The Scream (or, Edvard Munch, part two)

Edvard Munch’s most popular work by far is “The Scream”.  It was part of his project titled ‘The Frieze of Life’, which consisted of roughly two dozen paintings that dealt with emotions and the human condition.  “The Scream” however, is very different from all of the other works in the ‘Frieze’.

First, all of the other works are painted in true Munch style in oil on canvas, as were most of his works.  He painted “The Scream” in tempera paint (a basic paint similar to poster paint) and pastels on a piece of cardboard, much like that which a box is made of.  These are not archival materials in any sense, but he managed to paint “The Scream” at least four times, each time on a piece of cardboard.  Do the delicate materials used represent Munch’s delicate mental state at the time?

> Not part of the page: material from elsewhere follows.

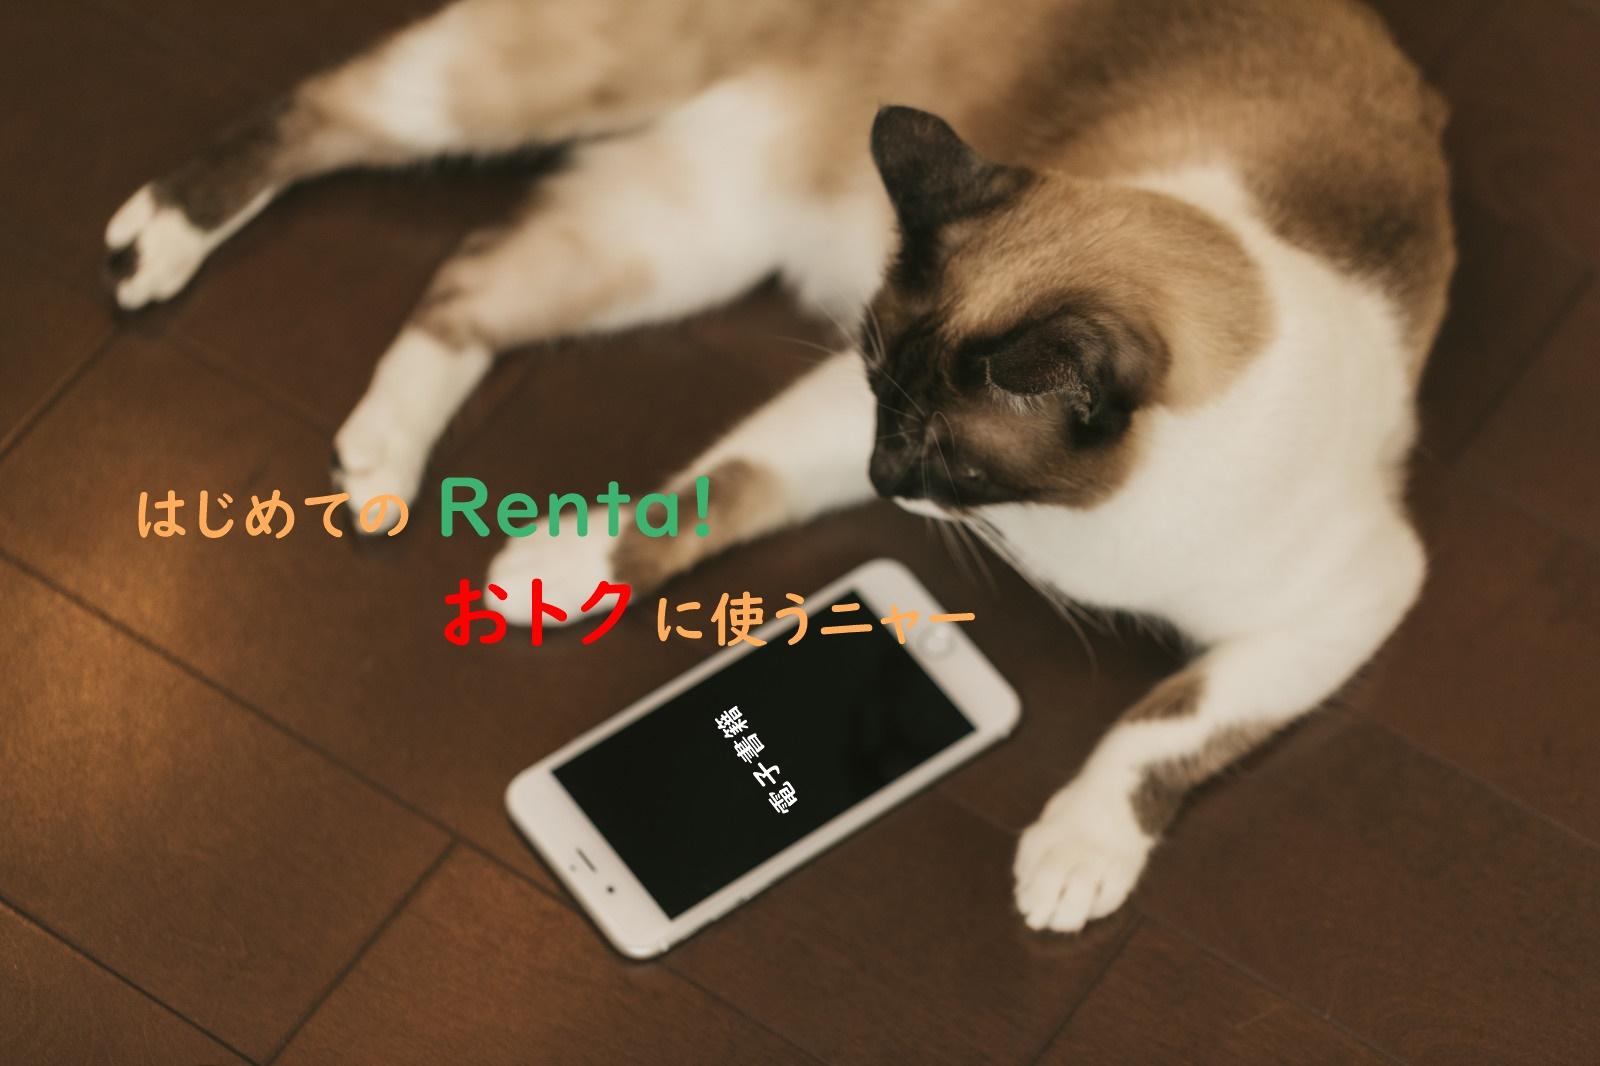 はじめての電子書籍 – Renta! のメリットを解説

Second, Munch was famous for working and reworking his paintings and making copies of them, or, tossing them if dissatisfied and starting over completely.  The other works of ‘The Freize’ have a finished look, one that took time and a more even method of technique.  “The Scream” on the other hand, is a much different style for Munch, painted fast and furiously, almost as if he could not paint fast enough to get the idea out of his head.  So, how did “The Scream” come to be?  Why add a piece that when compared to the others looks almost abstract in technique and subject matter?

"The Scream" by Edvard Munch, tempera and pastel on cardboard, ca. 1883-1889, collection The National Gallery, Oslo, Norway

Munch’s diaries and other notes of record indicate he and some friends were walking along a road near the water’s edge on a November evening in 1883.  When the sun set that night, it turned the sky a bloody red.  Already in a frail mental state, Munch froze, paralyzed with fear, while his friends continued on, apparently oblivious to the scene at hand.  What did Edvard Munch actually see, that would have such a profound effect on him?  Many theories are out there, but physicists Don Olson and Russell Doescher, along with English professor Marilyn Olson believe Munch witnessed the aftermath of a once in a lifetime event.

Earlier that year in May, halfway around the world on the island of Krakatoa, off the coast of Indonesia, a volcano began to vent from the pressure built up inside, resulting in activity on and off again for the next three months.  Finally, over a period of a couple of days in late August of 1883, two-thirds of the island were blown apart by the massive volcanic explosions, which were heard as far away as Australia.  The extreme force actually burst the eardrums of some nearby sailors, and the ash plume was reported to have risen as high as over 15 miles into the atmosphere.  The death toll was massive in the surrounding areas, due to the explosions as well as the resulting tsunamis.

The global aftereffects would last for many years.  Temperatures were colder than normal and by November, reports surfaced from New York, Norway, and much of the Northern Hemisphere regarding the magnificent, even spooky at times, sunsets.  The descriptions ranged from “blood-red”, to “alive with color” to “the sky is on fire”.  Many artists were inclined to paint the phenomenon happening daily around them.  Some art scholars have been quick to say that Munch did not paint this event, however, Munch himself recollected that it was an image he would never forget, saying it even drove him mad trying to record it in paint.  Did he or didn’t he paint the sky from life?  Did he ever even know of the Krakatoa eruption?  Munch wrote that he tried feverishly for years to paint his recollection of the evening stroll with his friends, which may explain why there are at least four versions of it and why they were painted so quickly that some of the cardboard even shows through the paint.

The final difference that makes “The Scream” stand out from the rest of  the images of ‘The Frieze’, is its popularity.  “The Scream” has been transformed into one of the most iconic images in the world.  It has appeared on nearly everything, from magazine covers and magnets to key chains, posters, and greeting cards, etc.  Even full-sized Halloween masks are replicas of the central figure in the painting.  What makes this painting so popular?  Do people connect with the artist or the image?  Do they feel the despair and confusion that leaps out of the blood red sky?  One thing is for certain, this most likely was an incidence of art imitating life.

Footnote:  While researching Edvard Munch and “The Scream”, I literally stumbled upon a book by Edward Dolnick titled, “The Rescue Artist” (copyright 2005, Harper Collins).  I was aware of course of “The Scream” and Munch, but this book enlightened me even more about the two subjects.  It is here that I found out how Munch came to paint “The Scream”, which led to even further research on that issue alone.  The book is a true story about the 1994 theft of the actual painting from the National Gallery in Oslo, Norway.  If you enjoy reading about art, history, and cops and robbers, I think you will enjoy reading “The Rescue Artist“.